[COLLECTED MATERIAL Boundary: Start]

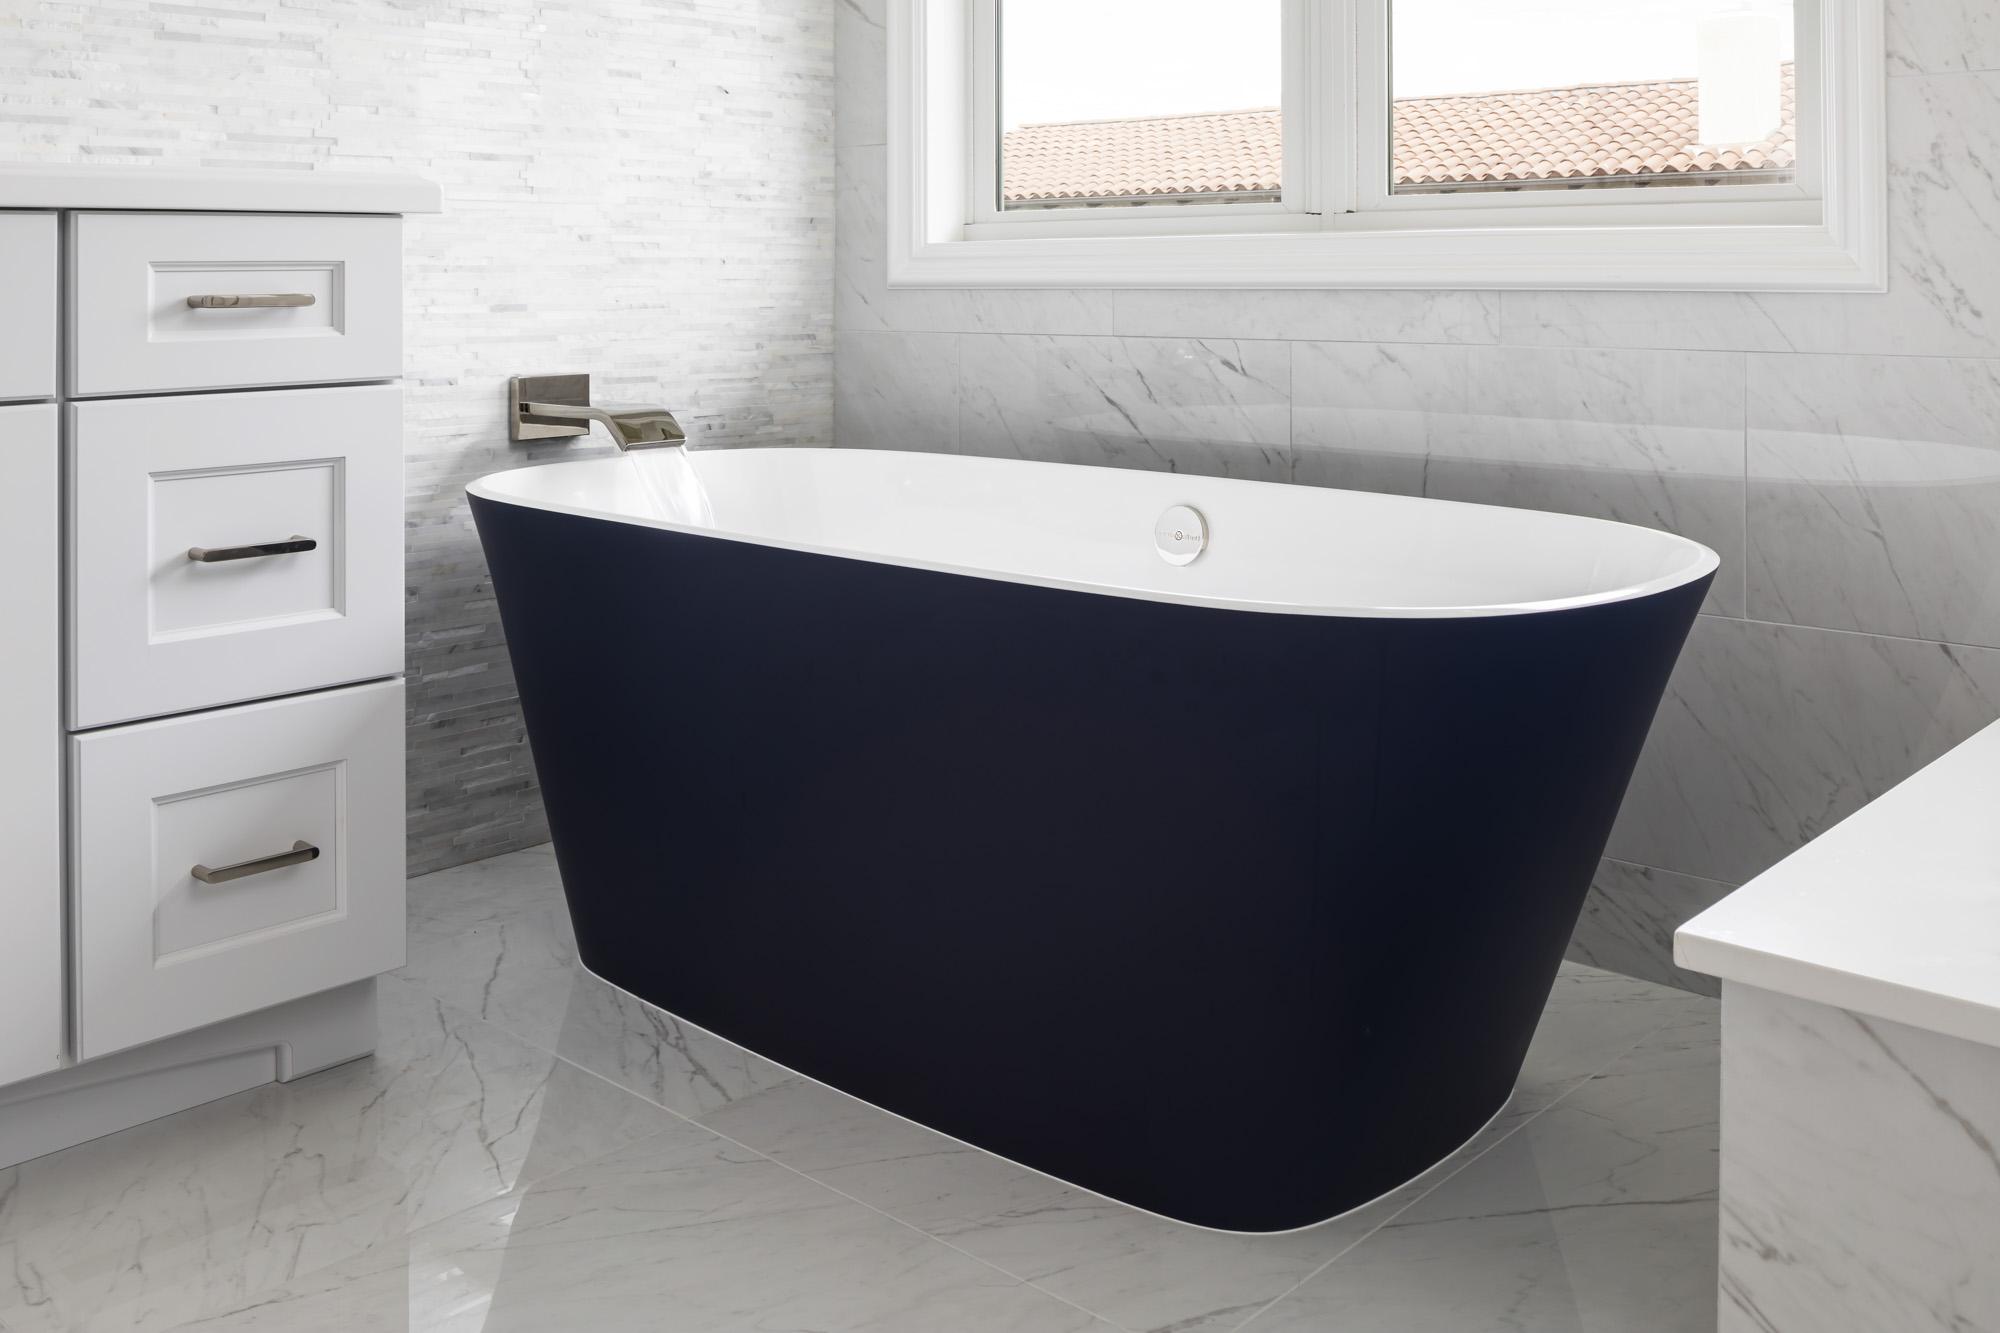 Bold-color-tub-in-white-bathroom-remodel
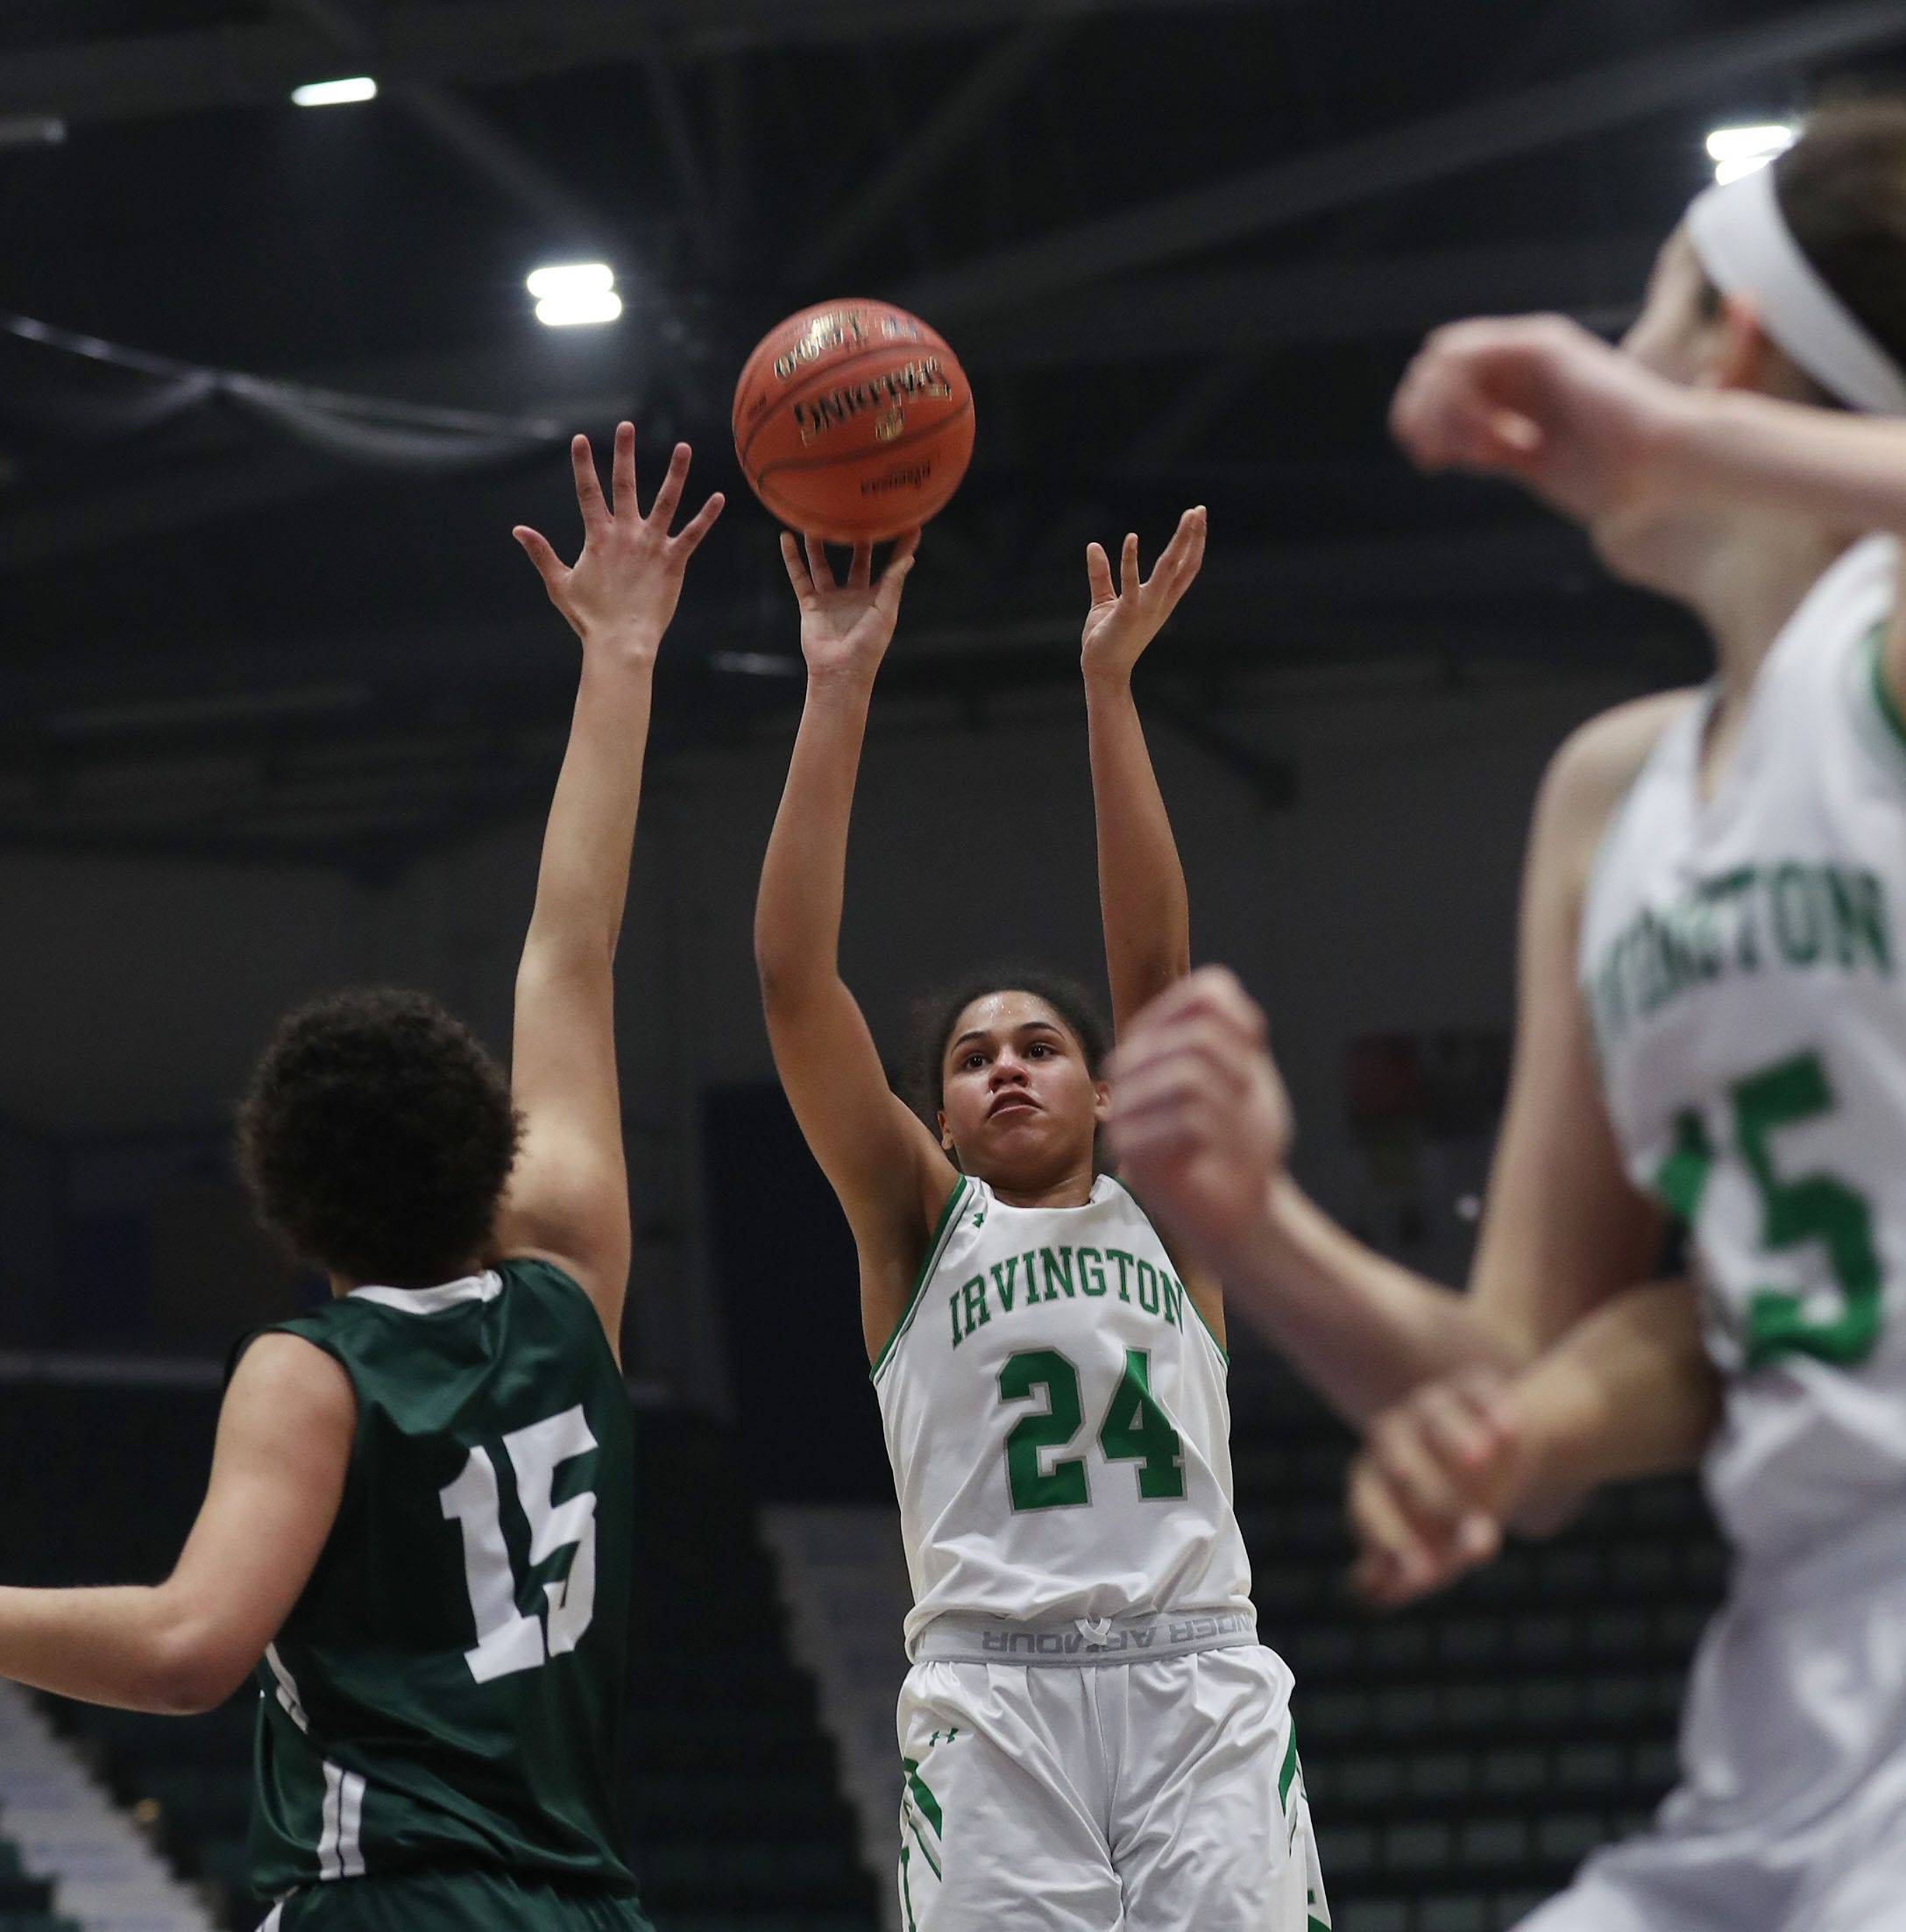 Girls basketball: Irvington wins Federation semifinal behind second-half surge
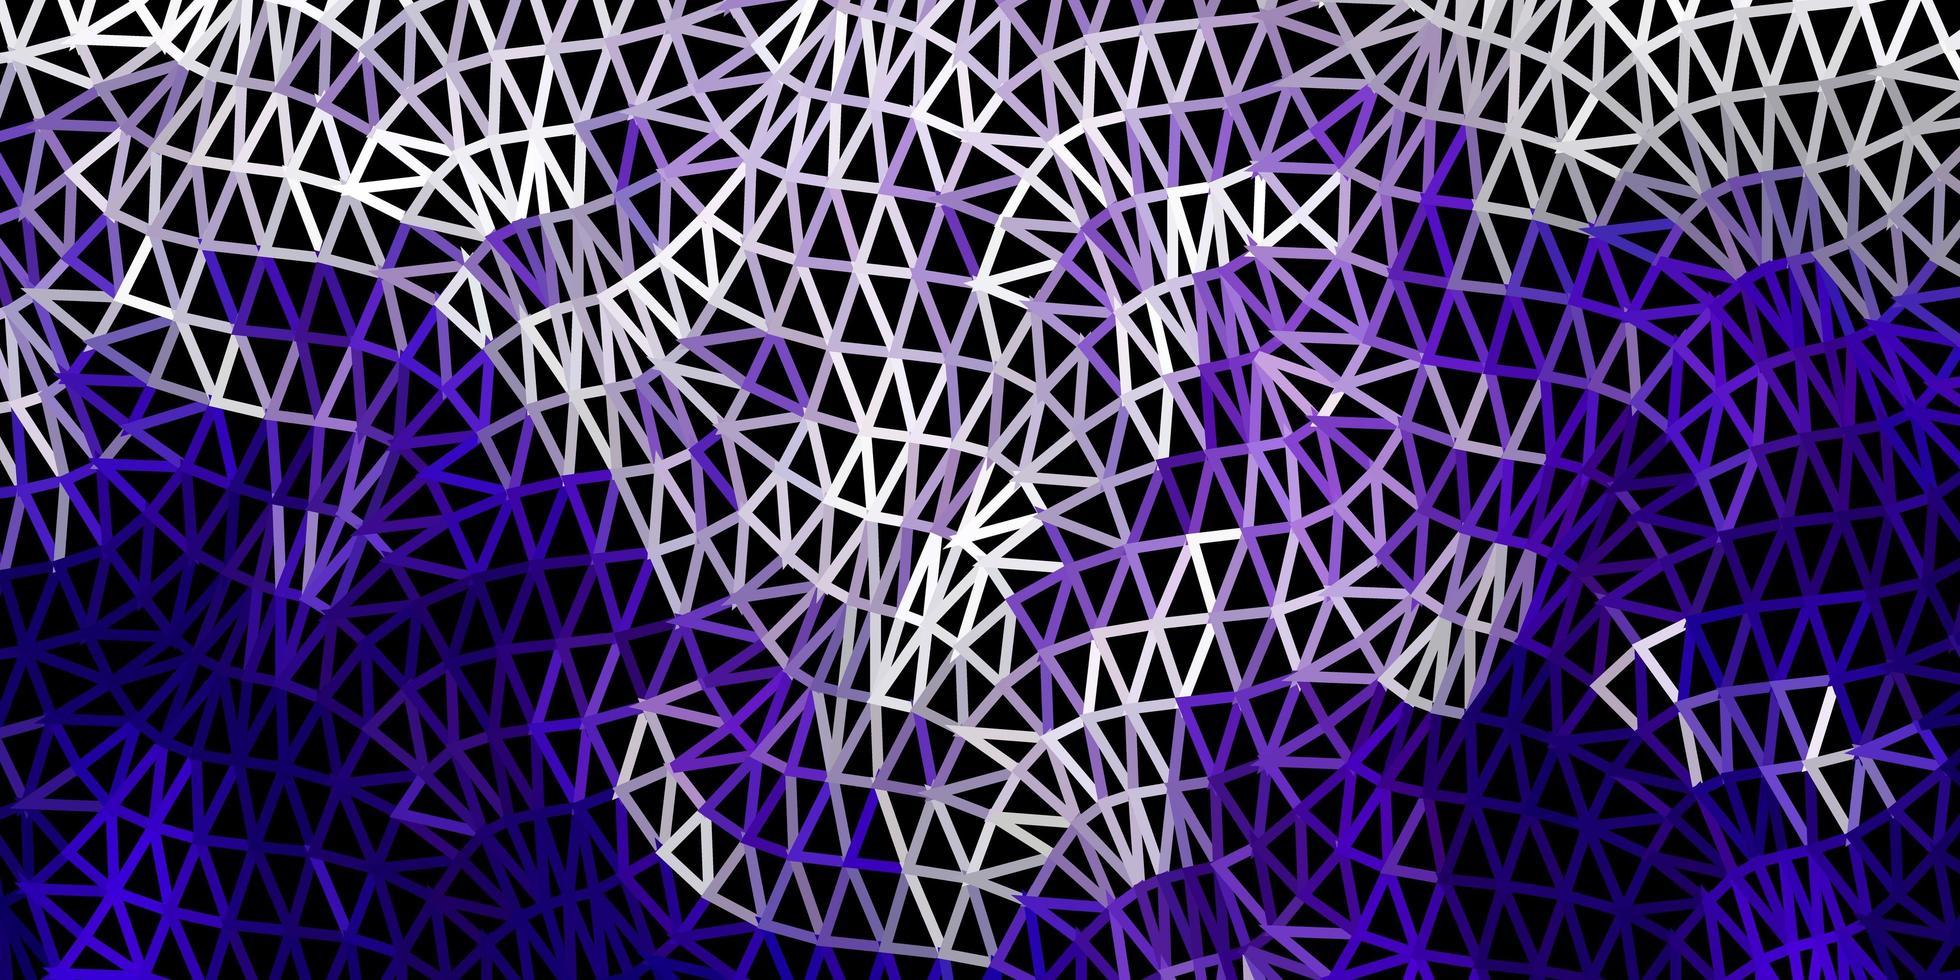 donkerpaars vector abstract driehoeksjabloon.

[COLLECTED MATERIAL Boundary: End]

YOUR ASSIGNMENT:
Output the listing unchanged, pictures excluded.

ANSWER SPACE:
 Bold-color-tub-in-white-bathroom-remodel
 Girls basketball: Irvington wins Federation semifinal behind second-half surge
 donkerpaars vector abstract driehoeksjabloon.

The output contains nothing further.